This is what I* would like
1) Machine A Claimed by (at the time) the best job for it.
2) New job added to queue (or released / qedited etc. etc.)
3) This job evaluates to a higher rank on the machine A that the current job but preemption_requirements evaluates to false.
4) When the job finishes the machine causes the release of the current claim and behaves like a fresh machine
the behaviour I infer from the mail below is
1) Machine A Claimed by (at the time) the best job for it. 2) New job added to queue (or released / qedited etc. etc.) 3) This job evaluates to a higher rank on the machine A that the current job
4a) preemption_requirements evaluates true.

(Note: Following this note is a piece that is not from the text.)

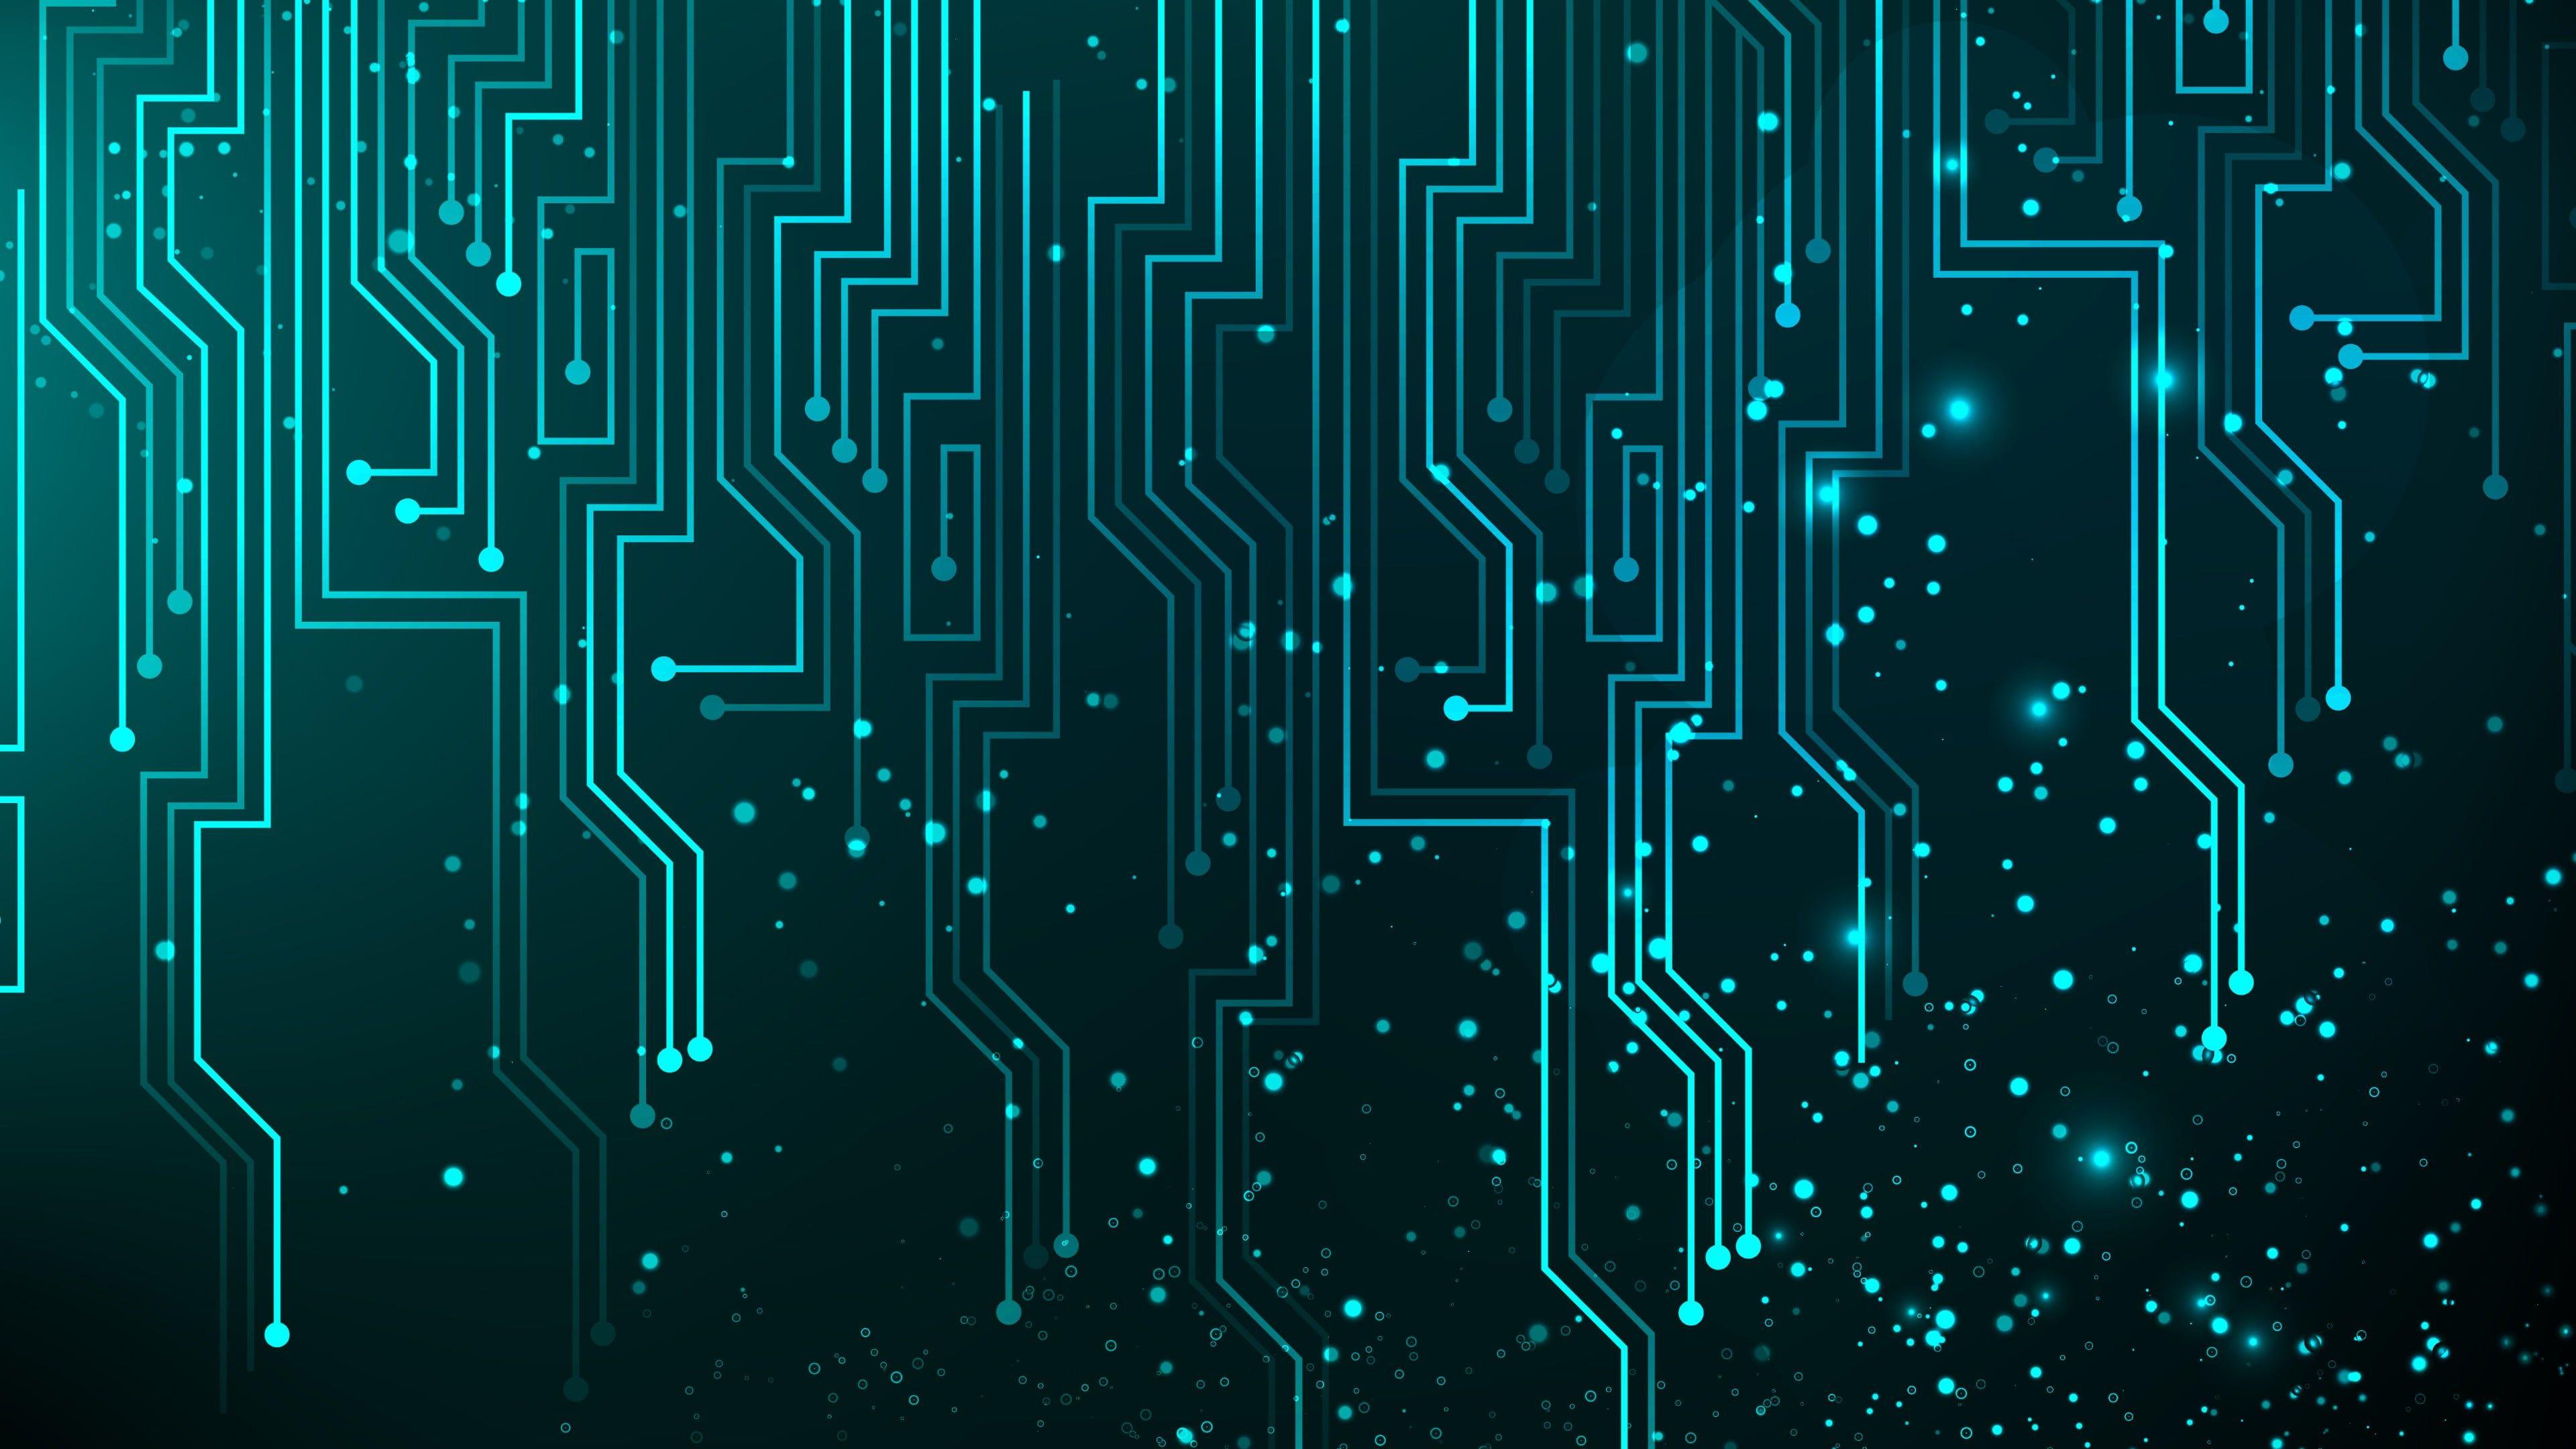 Digital Technology Pattern Sky Line Digital Art Glow Design Abstract Art Visual Effects Gr Electronics Wallpaper Technology Wallpaper Android Wallpaper

5a) the currently running job gets an additional amount of time to complete before vacation
This is an improvement but does not really provide the desired control I list above - since I do not necessarilly know in advance how long is reasonable to give to a job.

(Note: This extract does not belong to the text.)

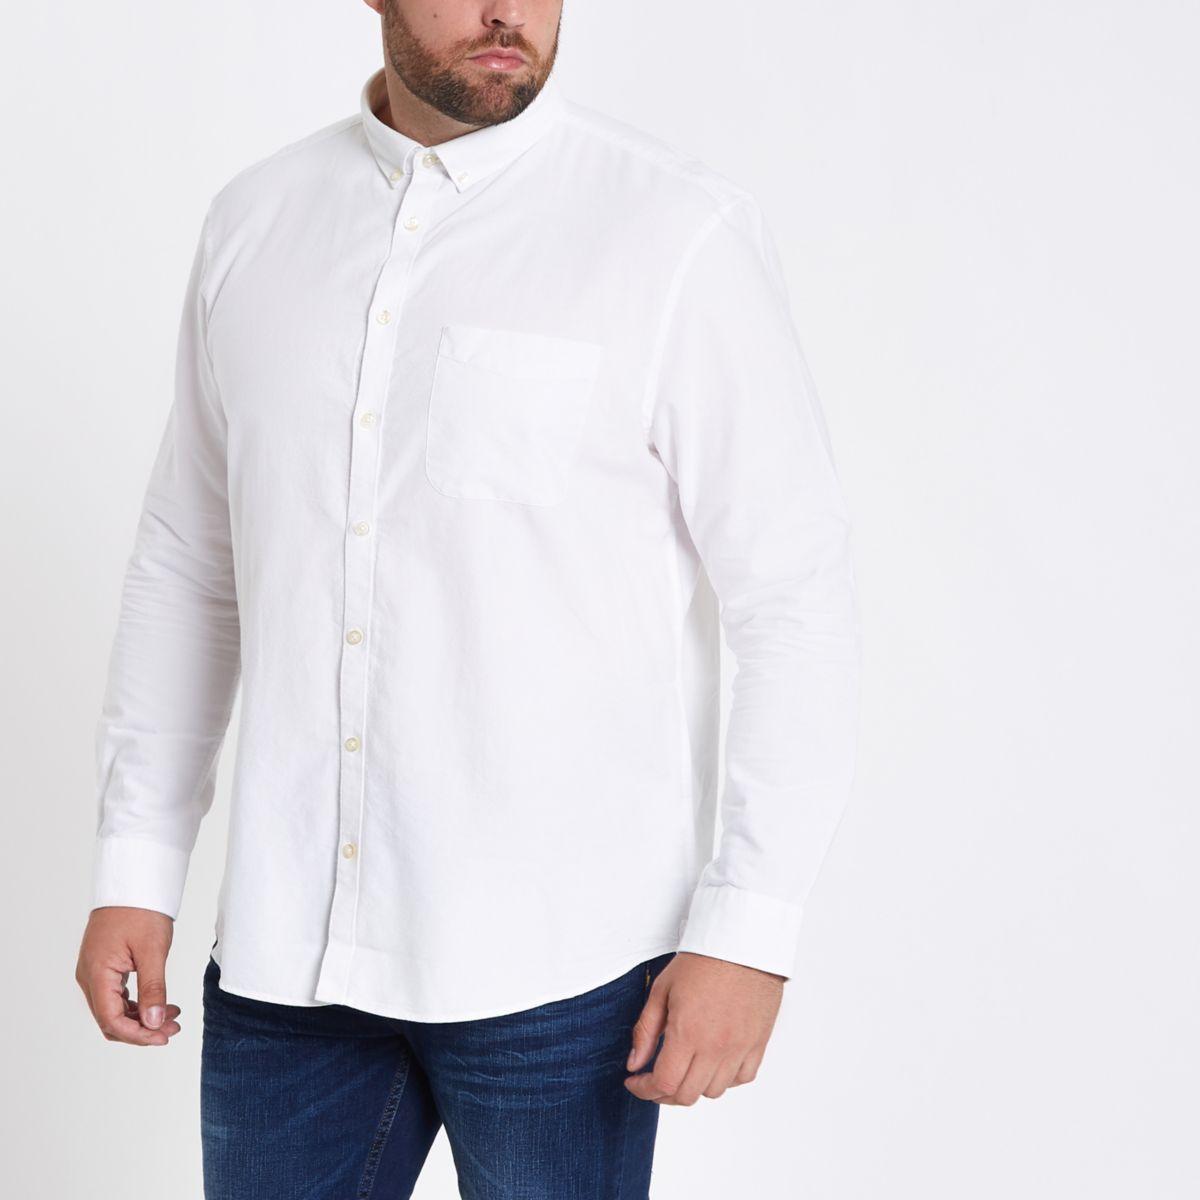 Weißes, langärmliges Oxford Hemd

I suppose I can simulate the above behaviour by pushing this retirement timout very high but will this lead to issues further down the line such as:
1) Another machine becomes free but the pending job cannot use it
2) Another job of even better rank cannot take the pending claim off the existing one.
3) Management and transistions of state is already complex -this seems to muddy it further.
Does a pending claim count for the purposes of continuing to evaluate the cluster?
I like C because
a) the admin can tune it. b) the behaviour is exactly as most peple would expect looking at the queue. c) the _current_ state is always used to determine the next allocated job rather than any previous state.